======== Data excerpt ========

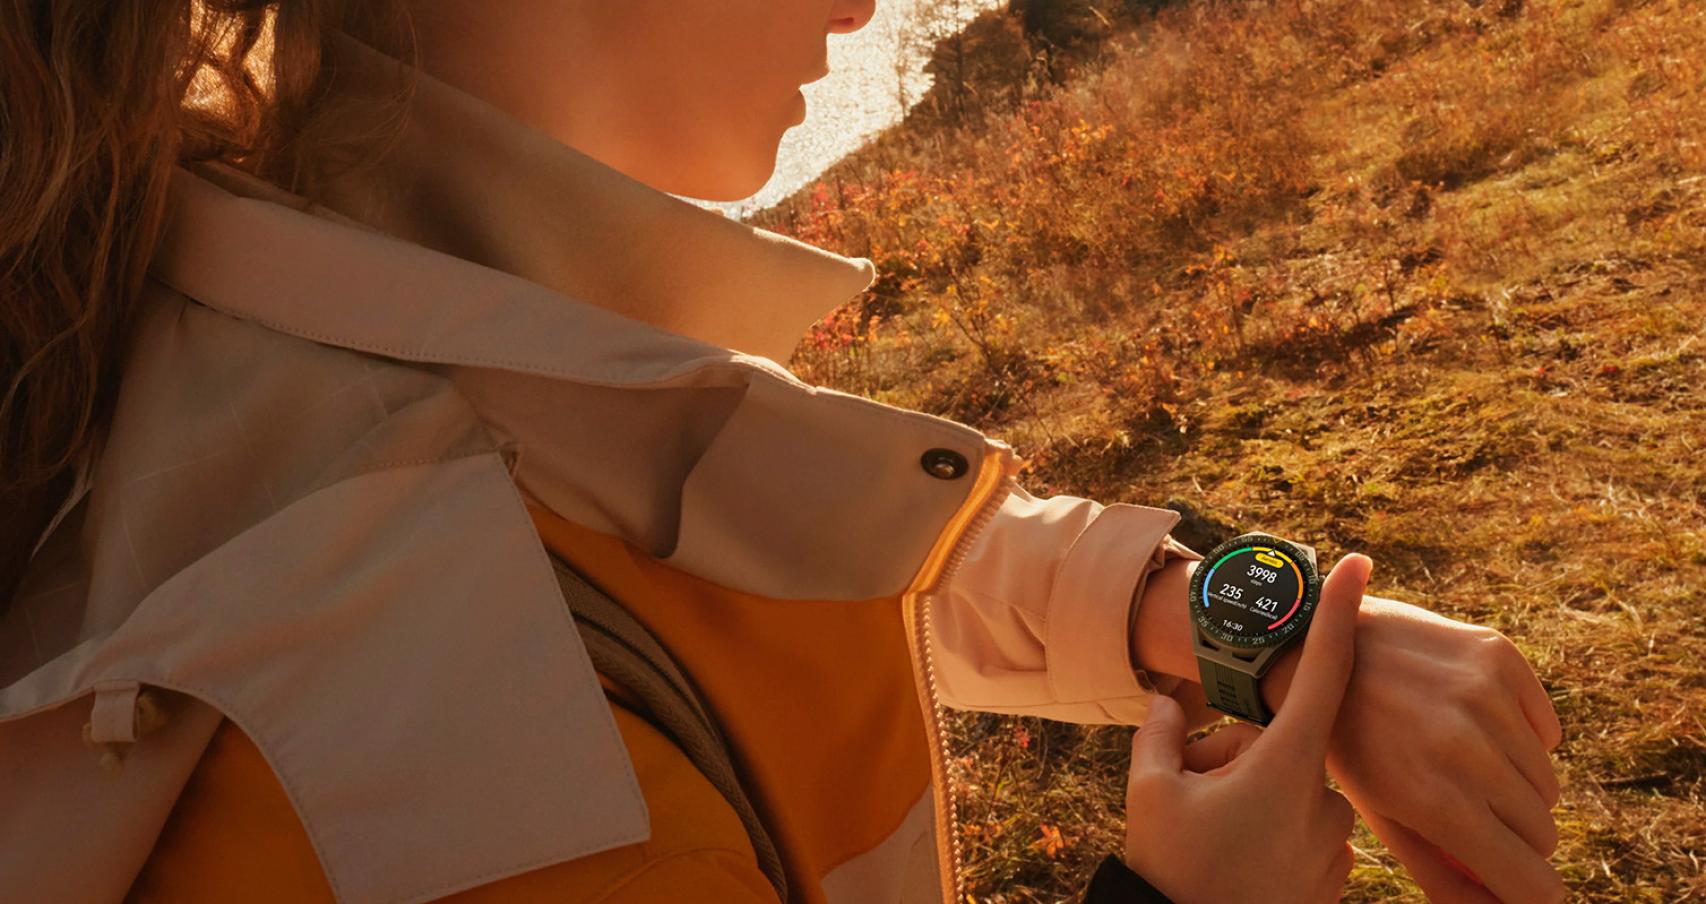 Los mejores smartwatches con lector ECG para electrocardiogramas
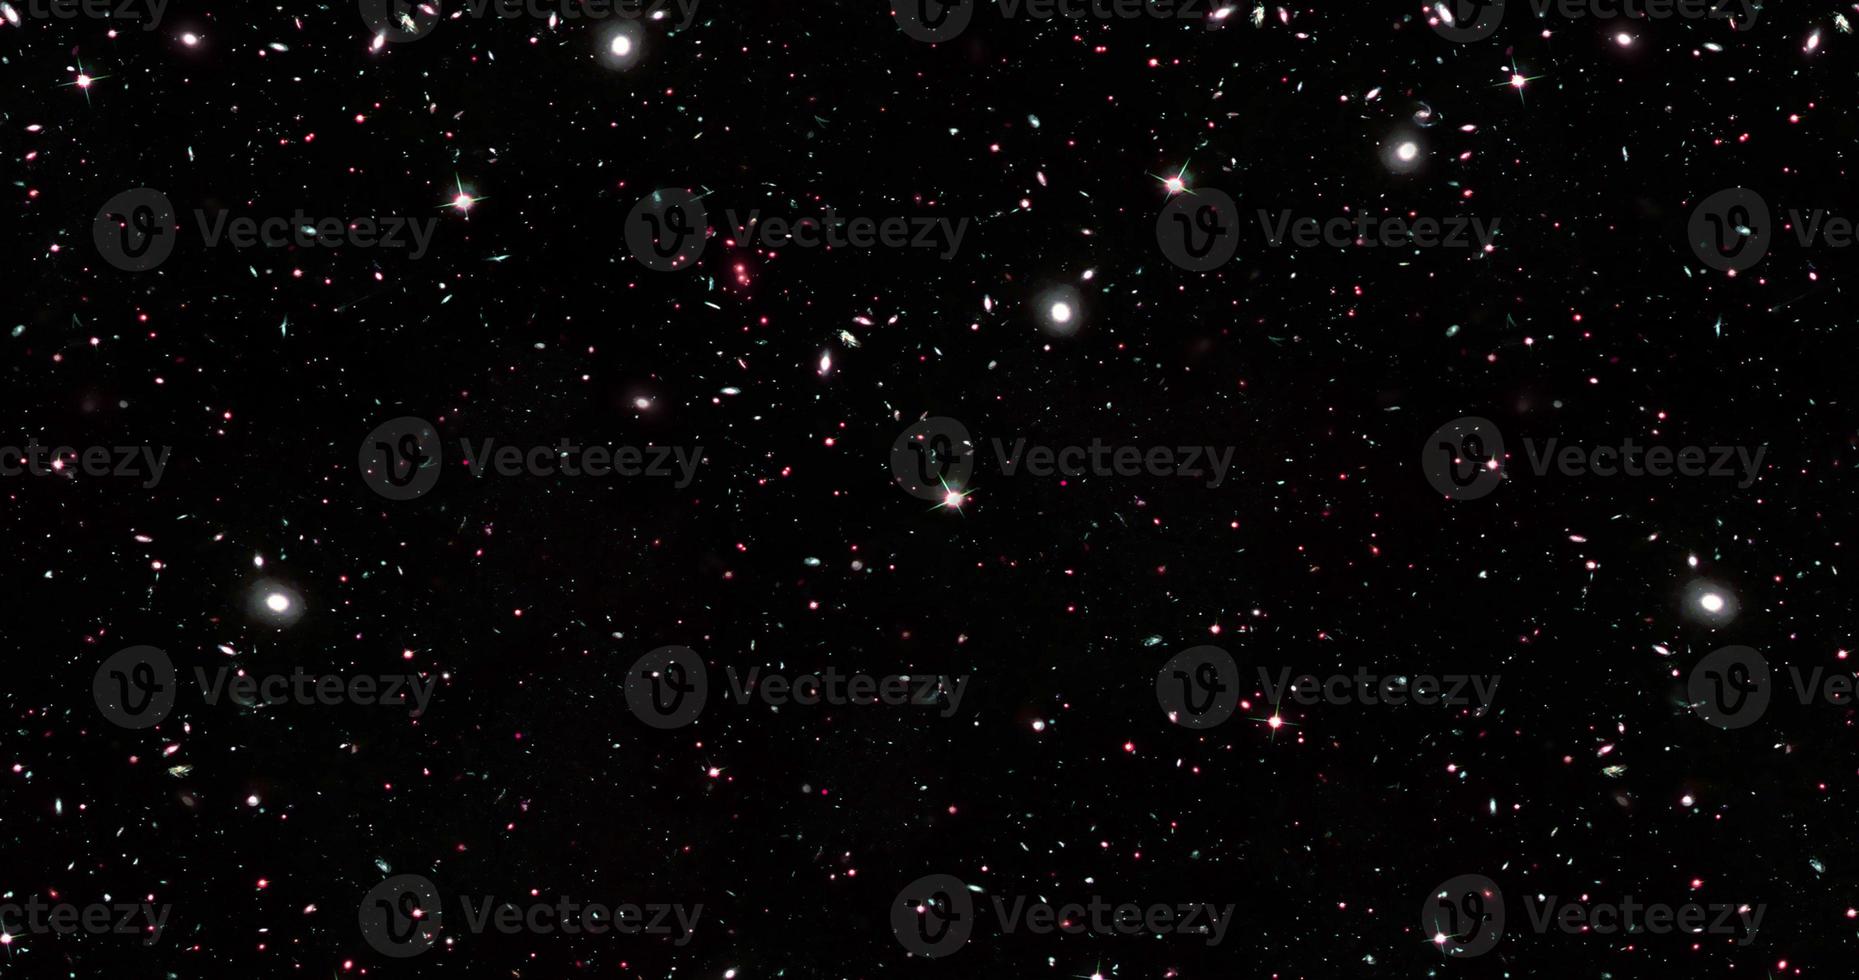 achtergrond van abstracte sterrenstelsels met sterren en planeten met sterrenstelselmotieven in zwart-witruimte van nachtlichtuniversum foto
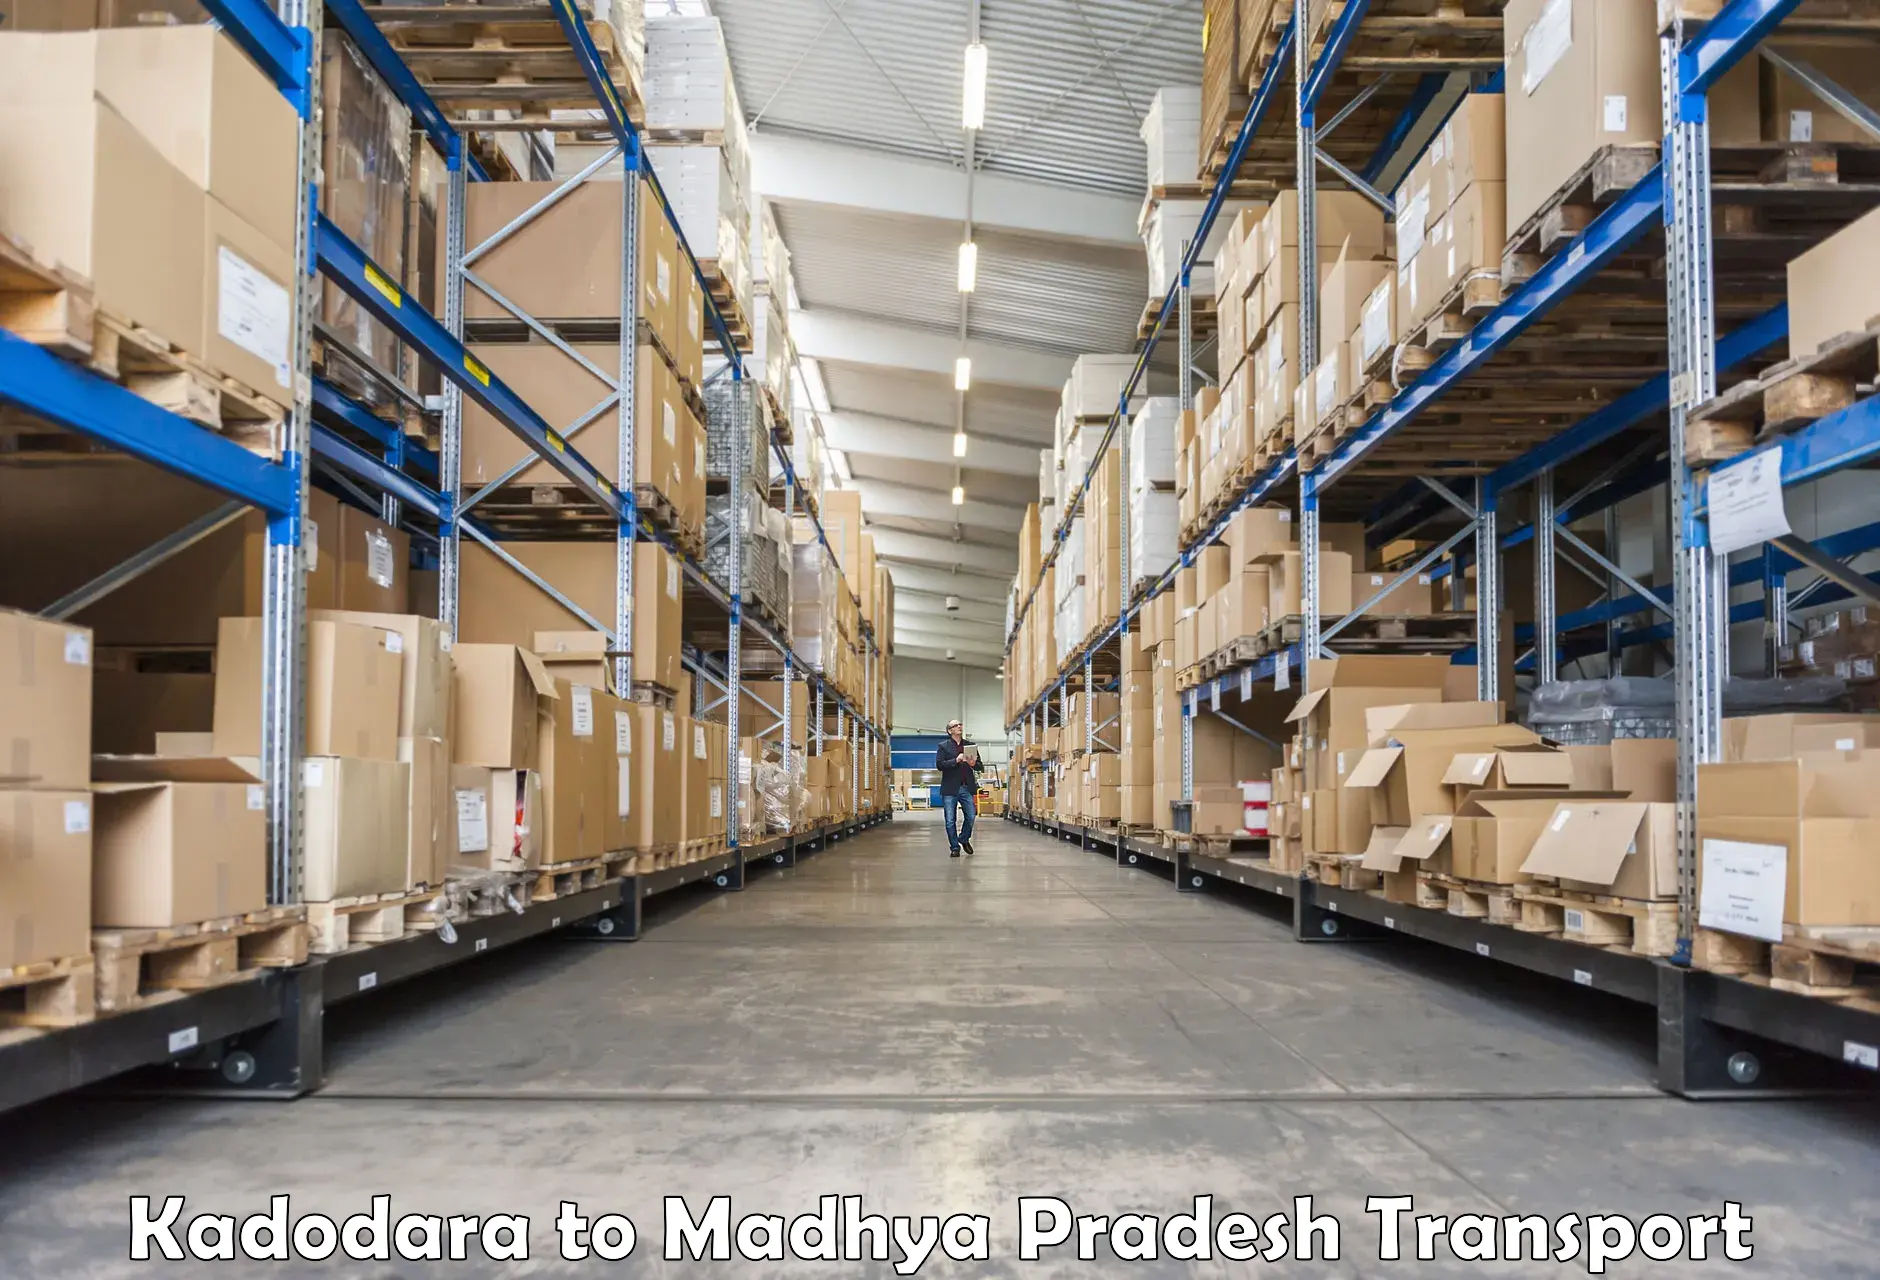 Shipping partner Kadodara to Ranchha

========

What you are asked to do. Only the text of the listing above is copied, exactly as written; its pictures are dropped.

Solution for this problem.
 Los mejores smartwatches con lector ECG para electrocardiogramas
 achtergrond van abstracte sterrenstelsels met sterren en planeten met sterrenstelselmotieven in zwart-witruimte van nachtlichtuniversum foto
 Shipping partner Kadodara to Ranchha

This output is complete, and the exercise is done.